The STOP COVID 2 study: Fluvoxamine vs placebo for outpatients with symptomatic COVID-19, a fully-remote randomized controlled trial

Background: Prior randomized clinical trials have reported benefit of fluvoxamine >200mg/day vs placebo for patients infected with severe acute respiratory syndrome coronavirus-2 (SARS-CoV-2). Methods: This randomized, double-blind, placebo-controlled, fully-remote multi-site clinical trial evaluated whether fluvoxamine prevents clinical deterioration in higher-risk outpatients with acute COVID-19. Between December 2020 and May 2021, non-hospitalized US and Canadian participants with confirmed symptomatic infection received fluvoxamine (50mg on Day 1, 100mg twice daily thereafter) or placebo for 15 days. The primary modified intent -to-treat (mITT) population included participants who started the intervention within 7 days of symptom onset with a baseline oxygen saturation ≥ 92%. The primary outcome was clinical deterioration within 15 days of randomization defined as having both (1) shortness of breath (severity ≥ 4 on 0-10 scale or requiring hospitalization), and (2) oxygen saturation <92% on room air or need for supplemental oxygen.

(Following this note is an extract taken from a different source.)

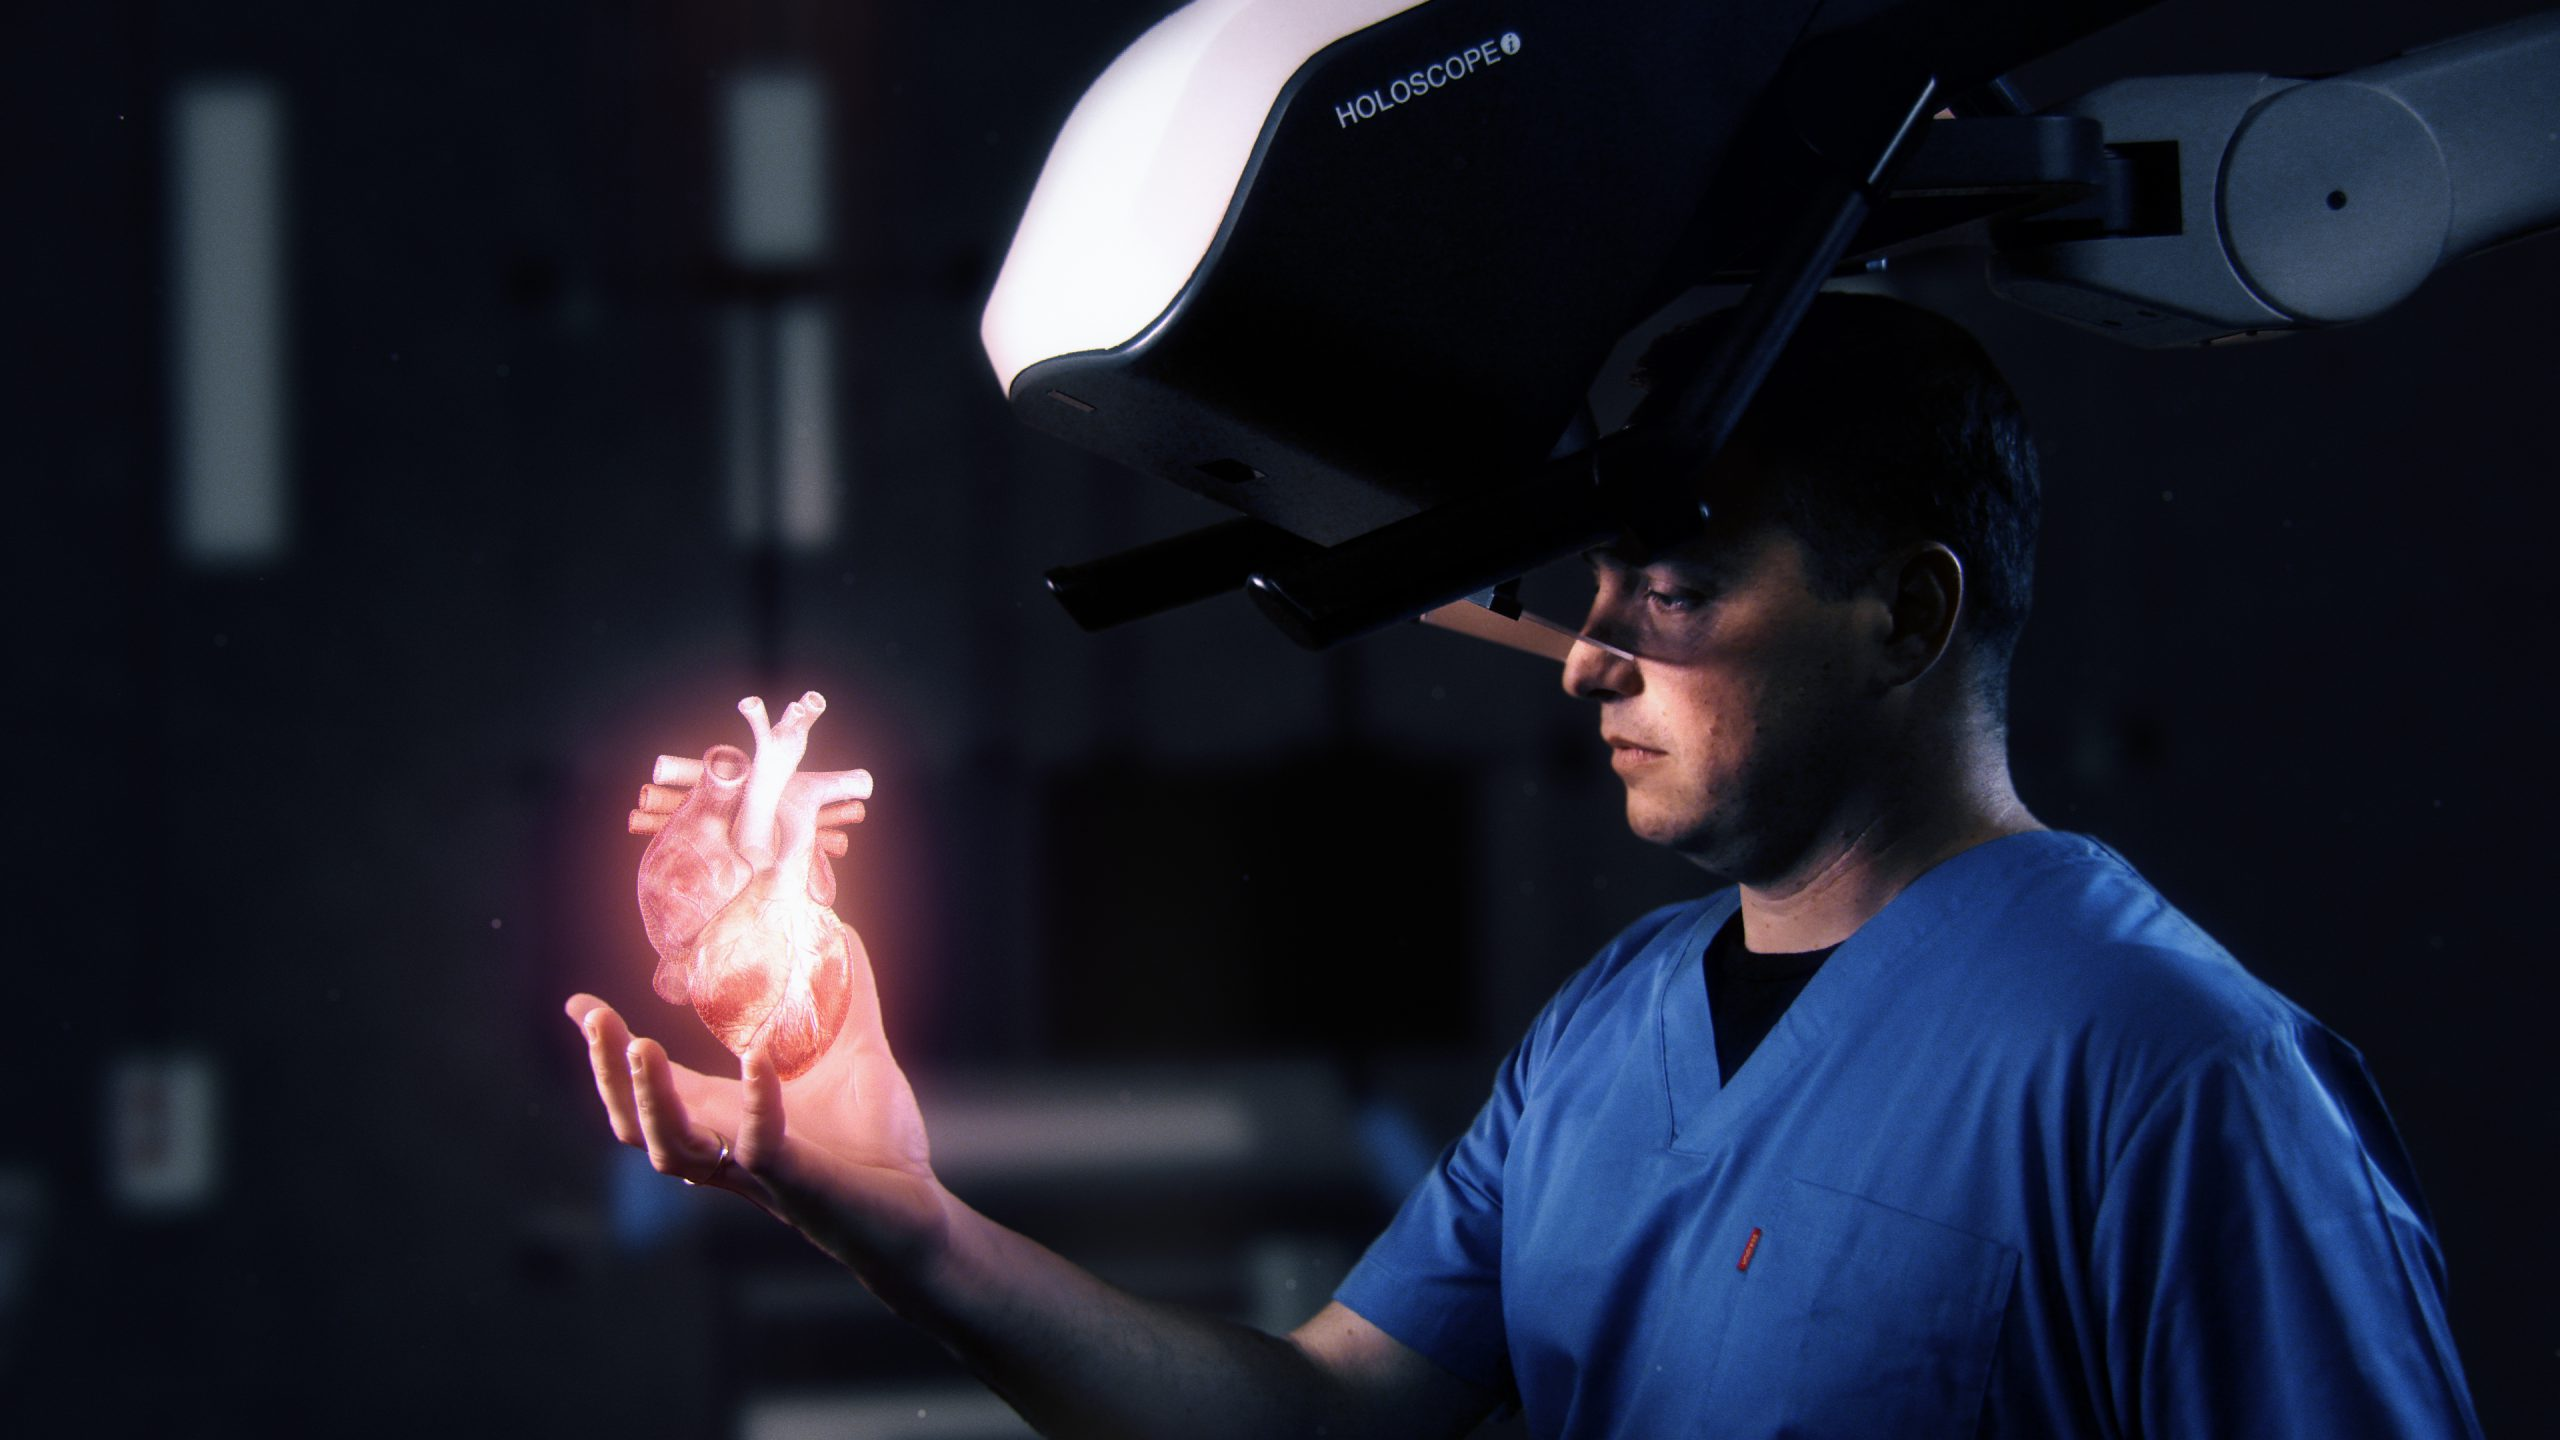 כותרת לתמונה: מערכת ה HOLOSCOPE-i של חברת ריל-ויו אימג'ינג - הקרנת הולוגרמות רפואיות אינטרקטיביות בחלל האויר הפתוח מעל החולה בזמן ההליך הרפואי. צילום יחצ

Results: A total of 547 participants were randomized and met mITT criteria (n=272 fluvoxamine, n=275 placebo). The Data Safety Monitoring Board recommended stopping early for futility related to lower than predicted event rate and declining accrual concurrent with vaccine availability in the U.S. and Canada. Clinical deterioration occurred in 13 (4.8%) participants in the fluvoxamine group and 15 (5.5%) participants in the placebo group (absolute difference at day 15, 0.68% [95% CI, -3.0 % to 4.4 %]; log rank P=0.91). Conclusions: This trial did not find fluvoxamine efficacious in preventing clinical deterioration in unvaccinated outpatients with symptomatic COVID-19. It was stopped early and underpowered due to low primary outcome rates.